Помедлив, он выпустил ее волосы, и она, тряхнув головой, снова выпрямилась, как стальной клинок.
– Если я на суде, то вправе узнать, в чем меня обвиняют, – хладнокровно сказала она.
– Ну, дочь моя! – желчно рассмеялся епископ, разводя руками. – Выбирай, что тебе больше по вкусу. Ты объявлена вне закона наравне с твоим супругом. Светский суд в лице сэра Рейнолда обвиняет тебя в разбое, которым ты занималась все лето. Церковное правосудие, которое творю я, предъявляет тебе обвинение в колдовстве и отступничестве от веры. Свидетель твоего венчания, – и епископ, как и она, тоже указал подбородком на Хьюберта, – станет свидетелем всех предъявленных тебе обвинений. Он неоднократно видел тебя с оружием в руках, когда вы нападали на сборщиков податей. И он очень красочно описал, как ты с помощью языческих богов и магии вернула к жизни Шервудского Волка, когда он почти умер. Ну а про твои занятия лекарским делом и травами я даже не говорю.
– Мои лекарства и мое умение несли людям исцеление от болезней и ран, – ответила Марианна. – Вам не удастся очернить меня в глазах тех, кому я помогла своими знаниями.
– Пусть так, и для них твое имя останется незапятнанным, а тебе-то какой от этого прок? – цинично усмехнулся епископ. – Они ведь не бросятся выручать тебя из костра, на который я тебя отправлю с огромным удовольствием!

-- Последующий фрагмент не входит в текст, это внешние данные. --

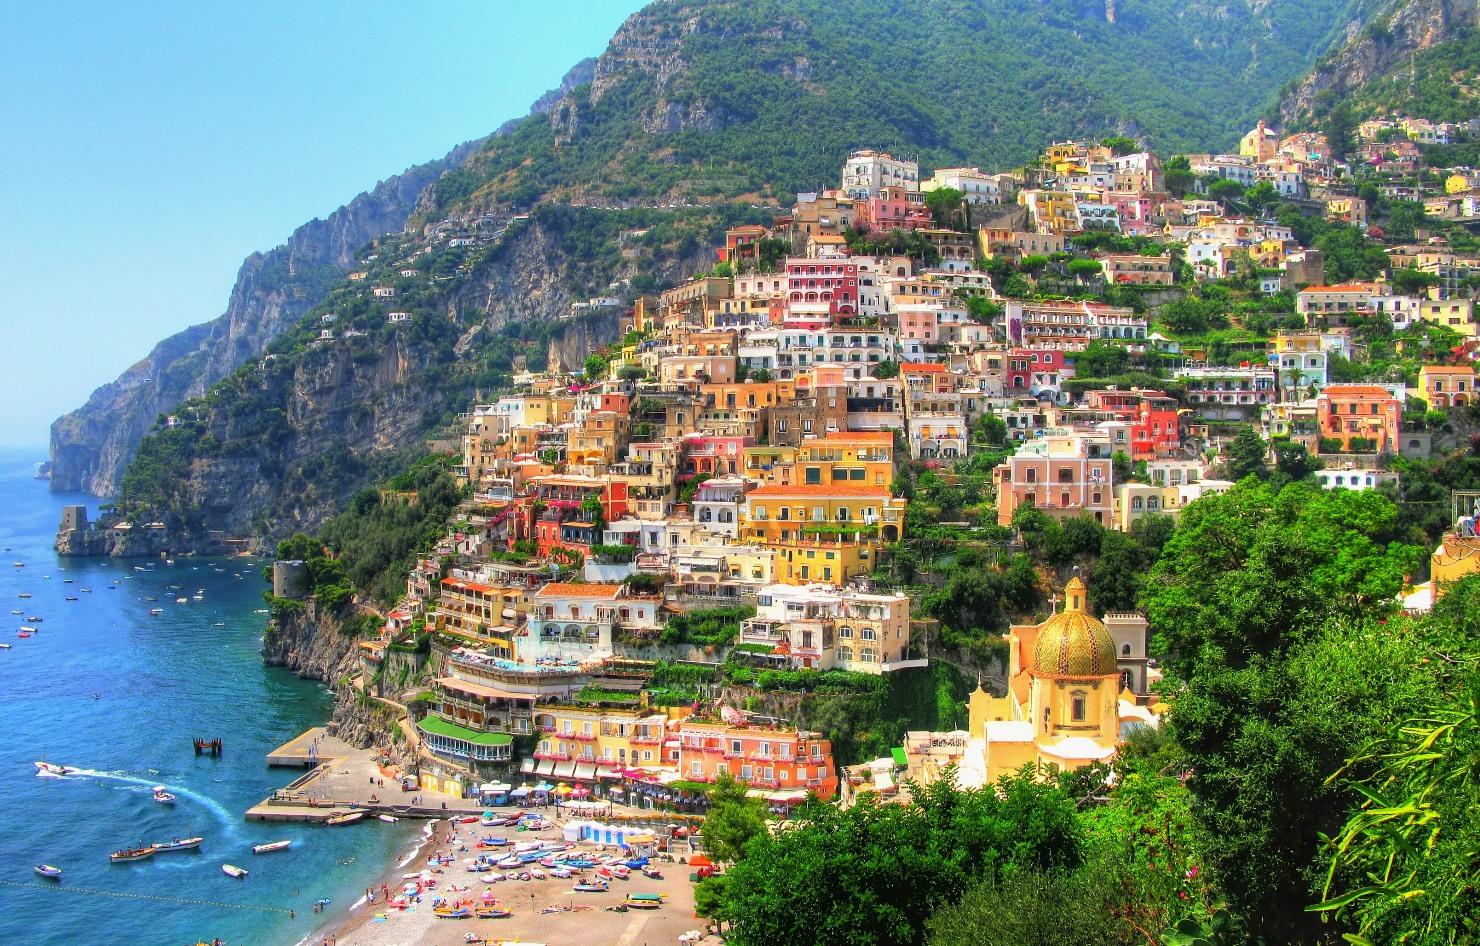 http://www.prasannaholidays.com/wp-content/uploads/2014/05/amalfi-coast-sorrento-italy.jpg
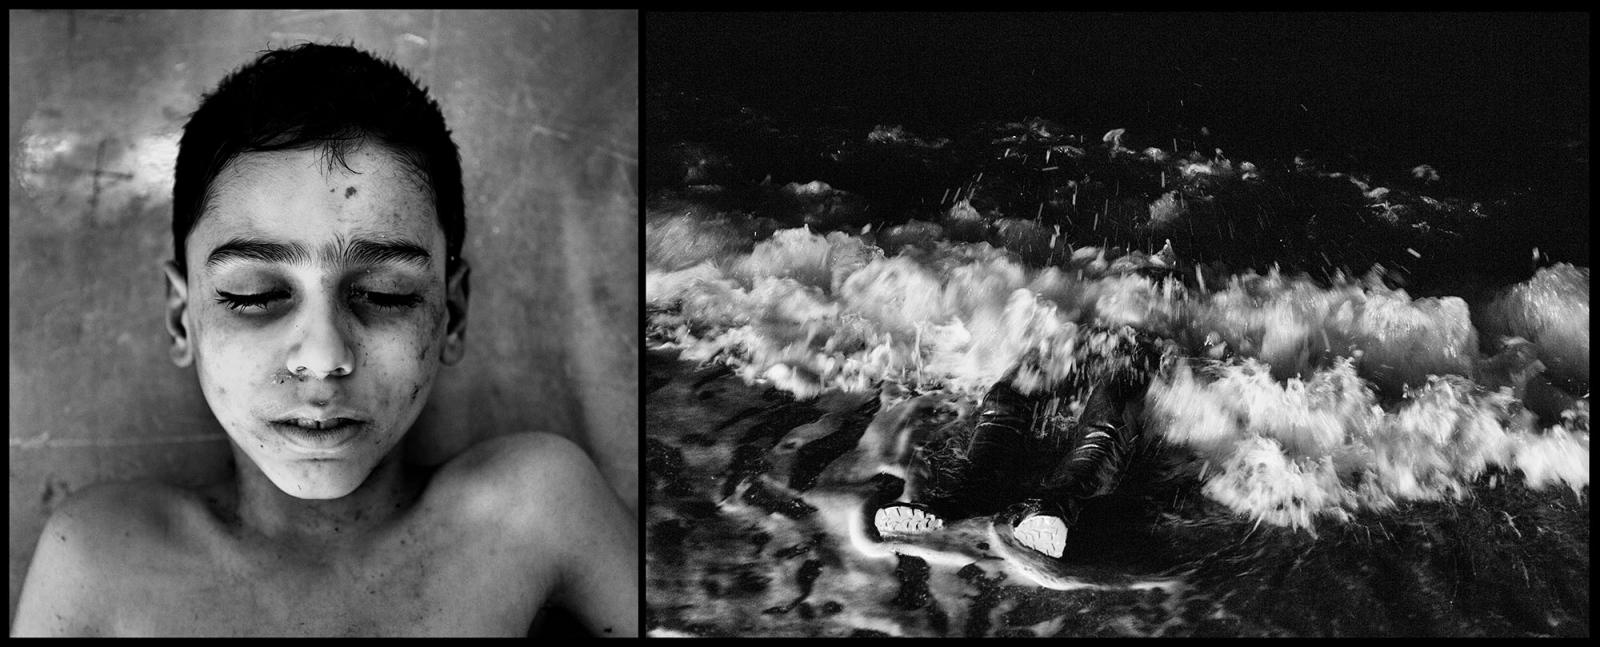 Art and Documentary Photography - Loading Nikos_Pilos_Stern_Goethe_institute_001.jpg

Сэр Рейнолд осторожно напомнил:
– Леди Марианна в тягости.
– Да, и в подобных случаях казнь откладывают до родов, – снисходительно подтвердил епископ, но тут же жестко сказал, не сводя с Марианны беспощадных глаз: – Но для нашей пленницы я допущу исключение и возьму грех на душу, отправив ее на костер с ребенком во чреве. Ты никогда не видела, как сжигают ведьм? Впрочем, что я спрашиваю! Ты же всегда избегала подобных зрелищ, а напрасно! Тогда ты бы знала, как кричат, задыхаясь от дыма, эти несчастные женщины. И ты будешь задыхаться, упрямица, если не согласишься сделать то, что тебе велят. Твои прекрасные локоны охватит пламя, нежная кожа лопнет, почернеет и обуглится. Но палач постарается сделать так, чтобы ты оставалась живой как можно дольше. И ты станешь страдать от неописуемой боли, кричать на всю площадь, где разложат твой костер. Тебе по сердцу такая участь?
Марианна огромным усилием воли сохранила спокойное выражение лица: слишком образно и живо перед ее глазами предстала страшная картина, которую так небрежно набросал епископ. А тот, неотрывно наблюдая за Марианной, понял, что угрозы достигли цели, и теперь ждал ее ответа.

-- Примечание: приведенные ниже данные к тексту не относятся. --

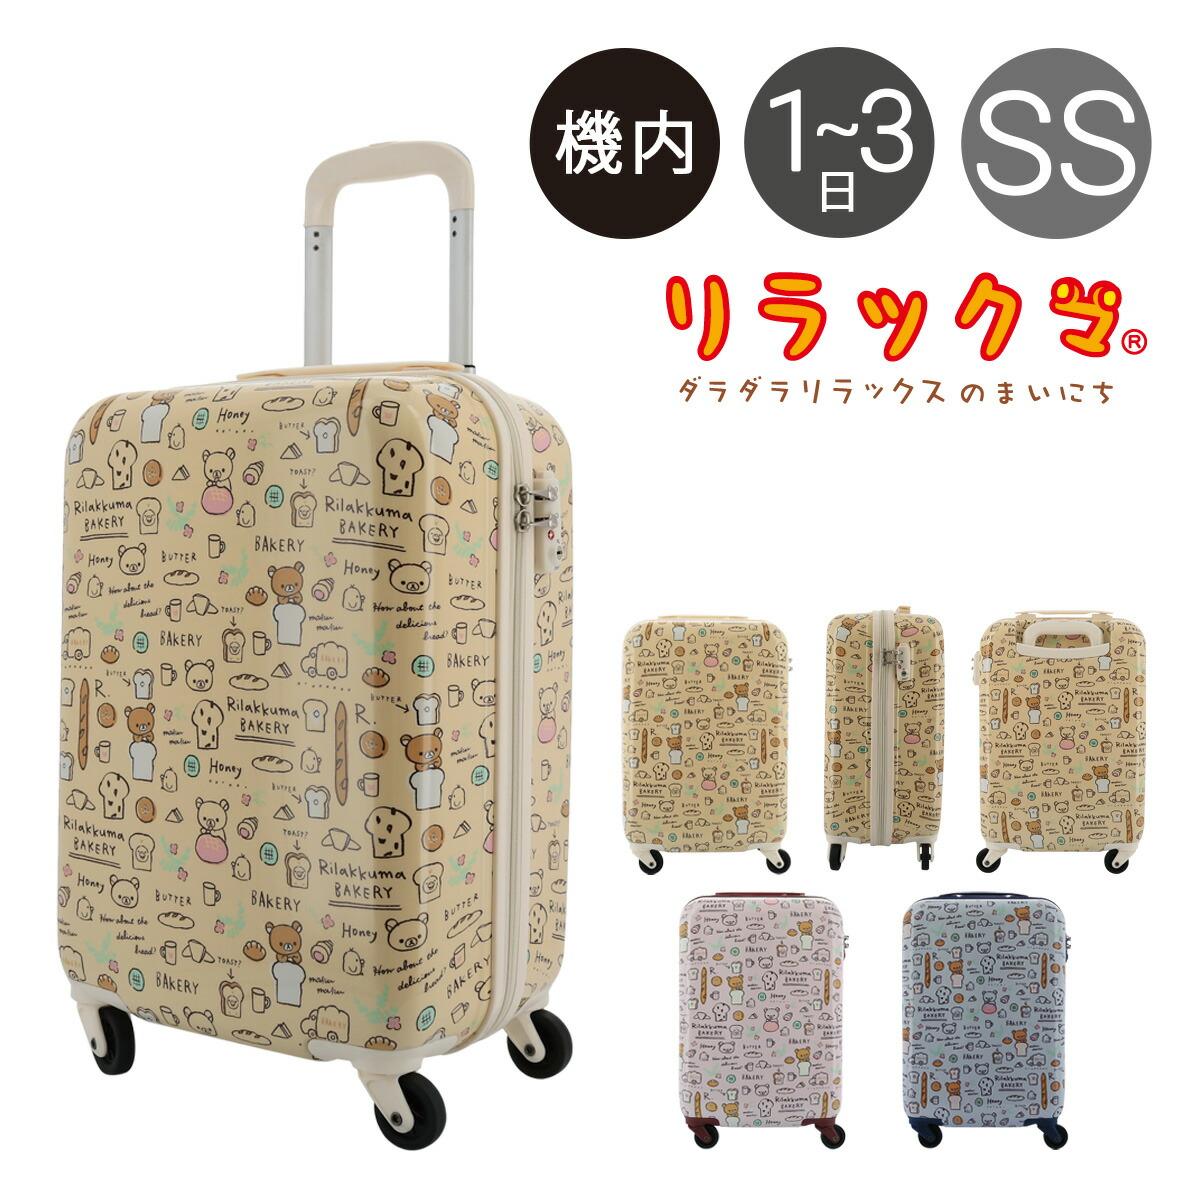 8ea41c1881 リラックマ スーツケース 31L 47cm 2RK0-47H Rilakkuma | キャリーケース ハードキャリー TSAロック搭載 機内持ち込み可  の通販 | SAC'S BAR サックスバー

Глядя на епископа безмятежными глазами, Марианна напряженно искала выход из создавшегося положения. Почувствовав волнение и тревогу матери, ребенок снова заворочался у нее под сердцем. Всеми силами души она хотела спасти его – уже живого, но еще не рожденного сына. Условного знака не существовало – она знала отношение Робина к подобным вещам. Он небезосновательно считал, что любой знак может попасть в чужие руки и превратиться в оружие. Да у нее при себе ничего и не было, кроме обручального кольца с гербом Рочестеров. Даже подвеску с аквамарином – подаренный Робином оберег – она оставила дома, о чем не раз пожалела. Оберег предупредил бы ее об опасности еще по дороге в собор, и они повернули бы обратно. Если бы Хьюберт попытался им помешать, Вилл справился бы с ним за считаные секунды – она не сомневалась в этом. И сейчас здесь не было бы ни Вилла, ни ее самой!